Я не хотела, но каждой фразой делала только больнее, он всегда переживал за то, что интересен людям только как персонаж фильмов, что он сам, по сути своей, никому не интересен, и я сейчас била по самому больному. Но лучше один раз испытать боль, чем всю жизнь. Всю жизнь бороться с «ветряными мельницами» и проиграть.
– Том был прав… – сказал он, складывая руки на груди и поворачиваясь ко мне лицом. – Тогда иди… Иди, чего ты ждешь? Я понял… Ты получила что хотела…
Он взъерошил волосы руками, а потом развел руки в стороны.
– Наверное, это я идиот. Напридумывал себе… Жаль, что ты…
Он перевел дыхание, прикрыв глаза. Грудь его вздымалась под футболкой от частого дыхания, а крылья носа раздувались от бешенства, которое душило его, но он, как истинный бритиш, усмирял то, что хотело вырваться наружу.
– Уходи… Ты права. Я не хочу тебя видеть. Уходи…
Ноги не слушались, руки похолодели, все тело заледенело. Пытаясь сделать шаг, я поняла, что ноги превратились в огромные бетонные плиты, которые трудно поднять. Я взялась за ручку двери, когда услышала вдруг:
– Sunny?!
Из глаз брызнули слезы, а из горла вырвался сдавленный всхлип.

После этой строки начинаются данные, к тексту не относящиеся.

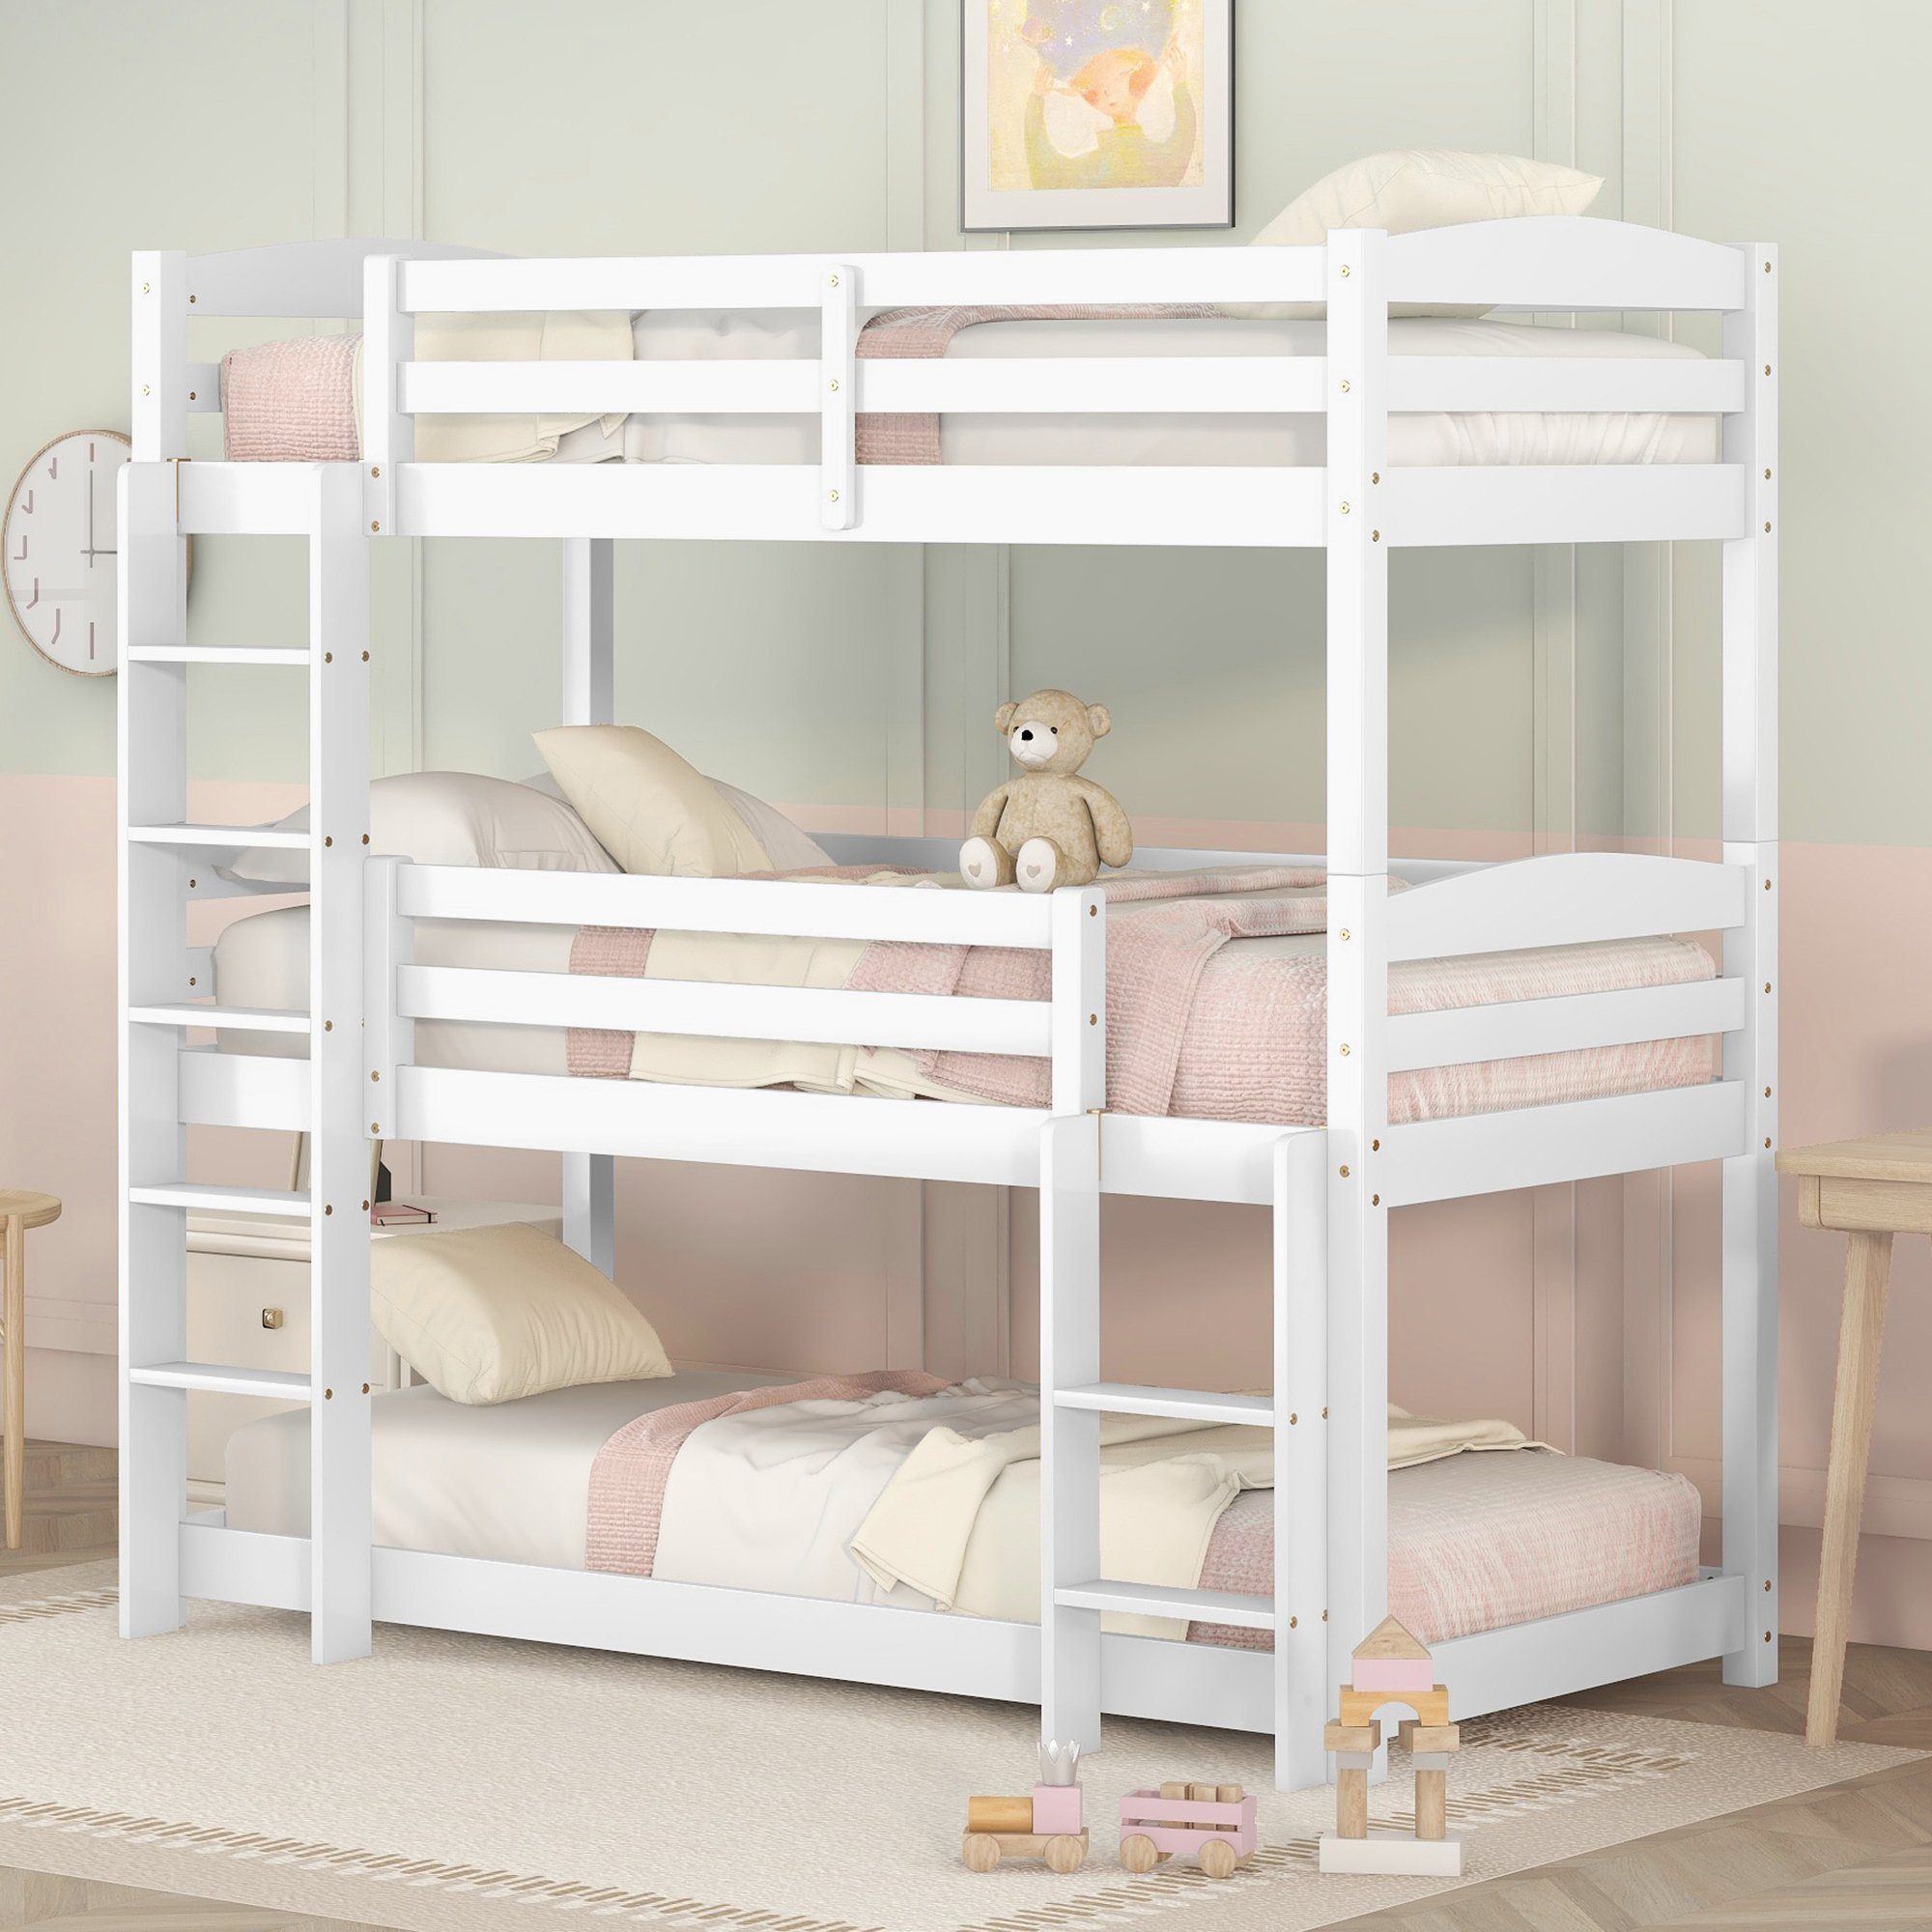 OKWISH Bett Kinderbett, Single-Size-Holz-Dreier-Etagenbett für Kinder (90*200cm), Ohne Matratze Weiß

Я повернулась и посмотрела на него, не видя ничего вокруг, комнаты, в которой мы разговаривали, не существовало, не существовало ничего в мире, кроме нас. Я беззвучно, зная, что мы и так поймем друг друга, произнесла:
– Прости…
– Не уходи… – так же беззвучно произнес он.
– Прощай…
Я смотрела в иллюминатор самолета, точнее, пыталась рассмотреть что-то в нем, пока пассажиры занимали свои места. Увидеть я могла там мало что, потому что мое место находилось у прохода, но все равно смотрела, лишь бы не думать о том, о чем думалось. За окном все еще жарило солнце, и помнилось, как пах воздух духотой и океаном. Его глаза отливали этой же голубизной и темнели, когда вокруг происходило ненастье. Такими я их запомнила, такими всегда любила.
– Разрешите? – раздался голос над головой. Я подняла подбородок и хмуро улыбнулась приятному брюнету.
– Конечно.
Встав с кресла, я пропустила парня.
– Мое место в середине, – сказал он.
Пролезая к креслу, он наступил мне на ногу, извиняясь.
– О’кей, – ответила недовольно я. – Быстрей бы уже.
Бурчала себе под нос я по-русски, чем удивила и обрадовала соседа.
– Да, я тоже не люблю долго сидеть перед взлетом, – заговорил на родном языке.
Я приподняла бровь, понимая, что тихо пострадать в одиночестве мне сегодня не удастся.
– Андрей, – представился брюнет, и его карие глаза хитро подмигнули.
– Настя. – Я плюхнулась в кресло и попыталась пристегнуть ремень.
– Чего такая грустная, Настя? Разве Америка тебя не взбодрила? – Он улыбался такой задорной и лучезарной улыбкой, которую только русские люди способны подарить постороннему человеку, что невозможно было не улыбнуться ему в ответ.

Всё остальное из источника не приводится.